TASK REQUIREMENTS —
After locating the line with "Michael Kors Wallet", repeat it and every following line to the end of the listing, exactly. Omit the pictures.

GIVEN DATA —
------------

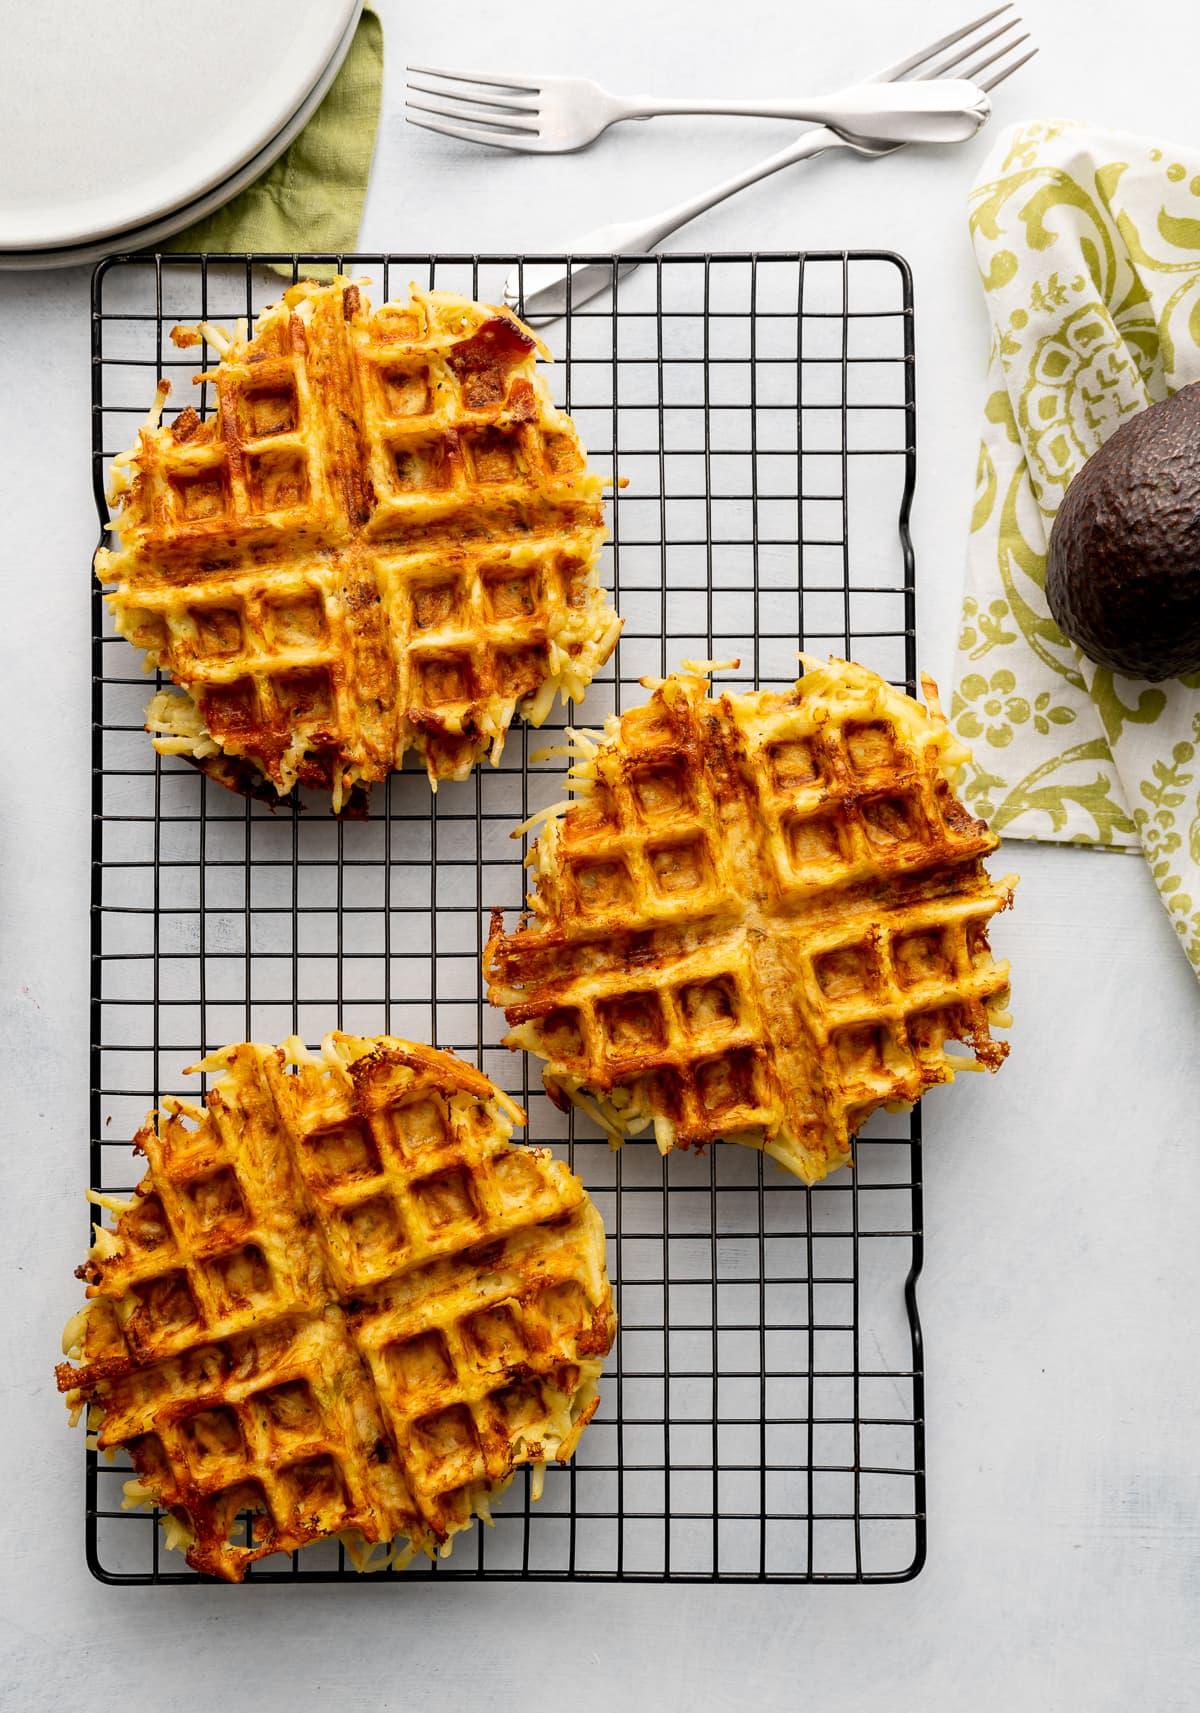 brown hash brown waffles on wire rack
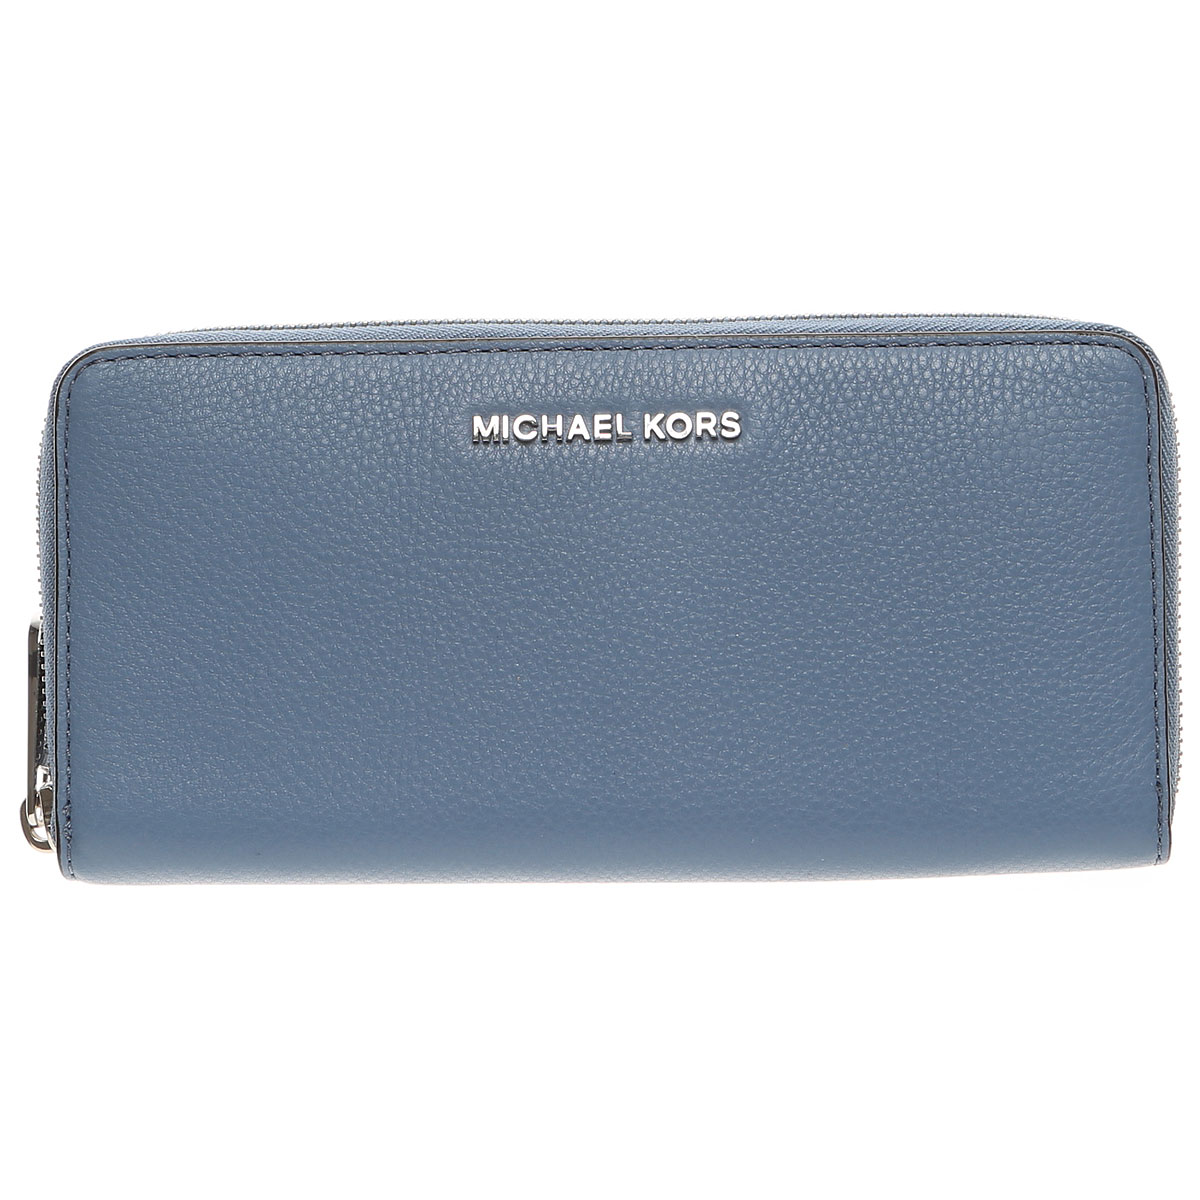 Michael Kors Wallet for Women On Sale, Denim Blue, Leather, 2019
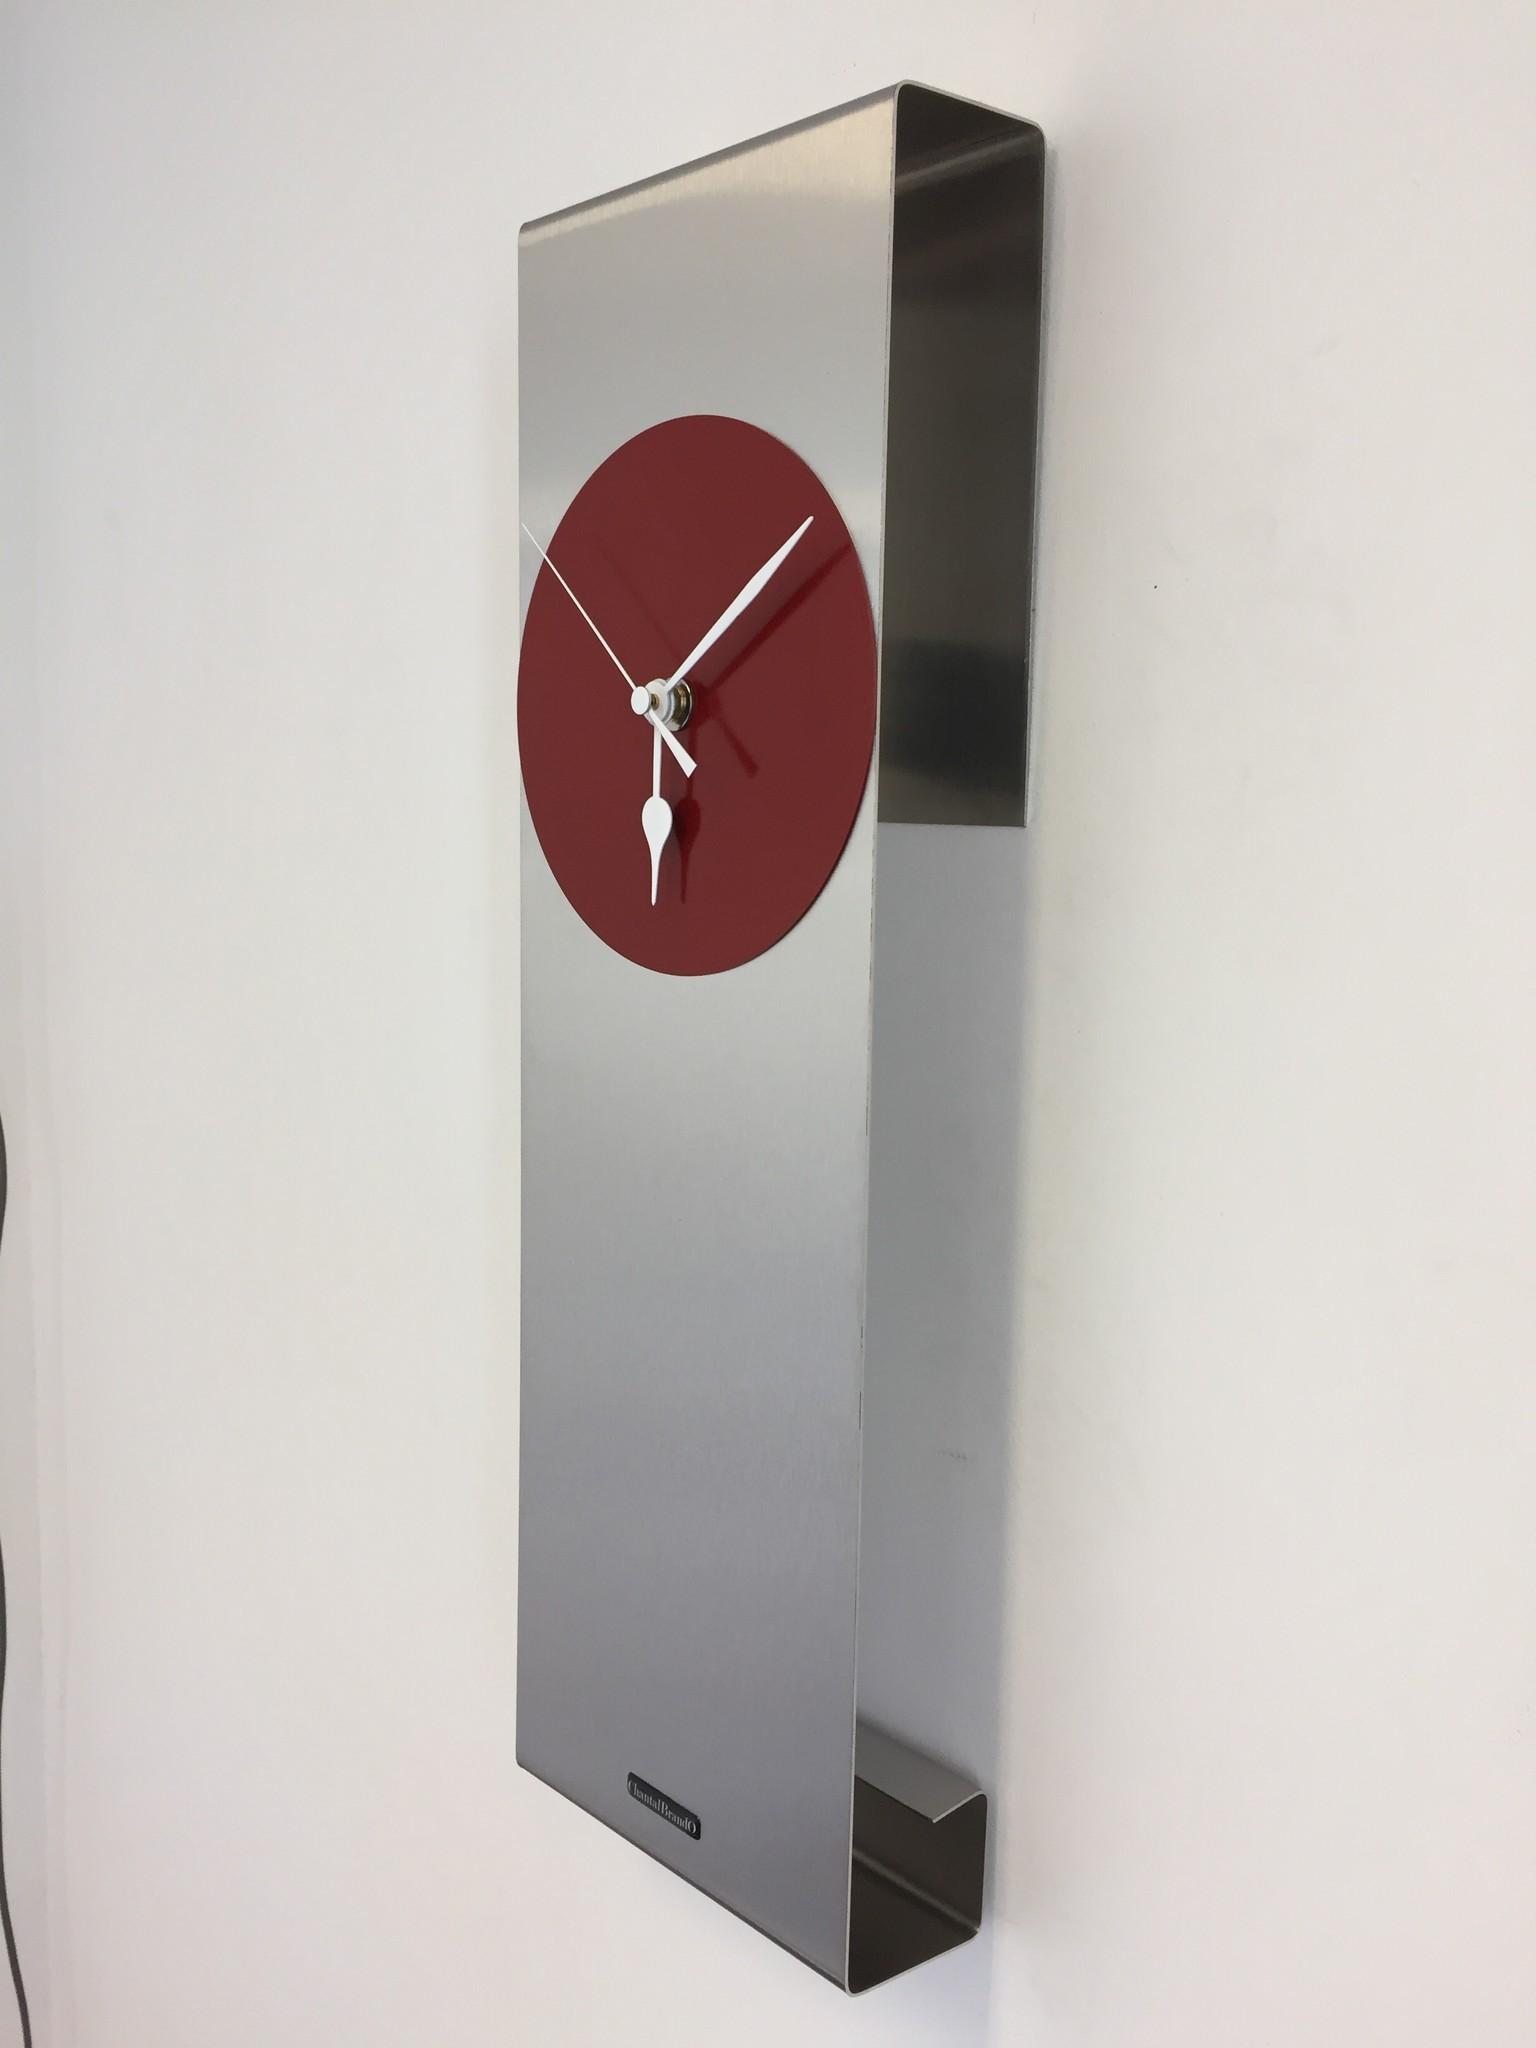 ChantalBrandO Wandklok Manhattan RED Modern Dutch Design

------------

RESULT BELOW —
 Michael Kors Wallet for Women On Sale, Denim Blue, Leather, 2019
 ChantalBrandO Wandklok Manhattan RED Modern Dutch Design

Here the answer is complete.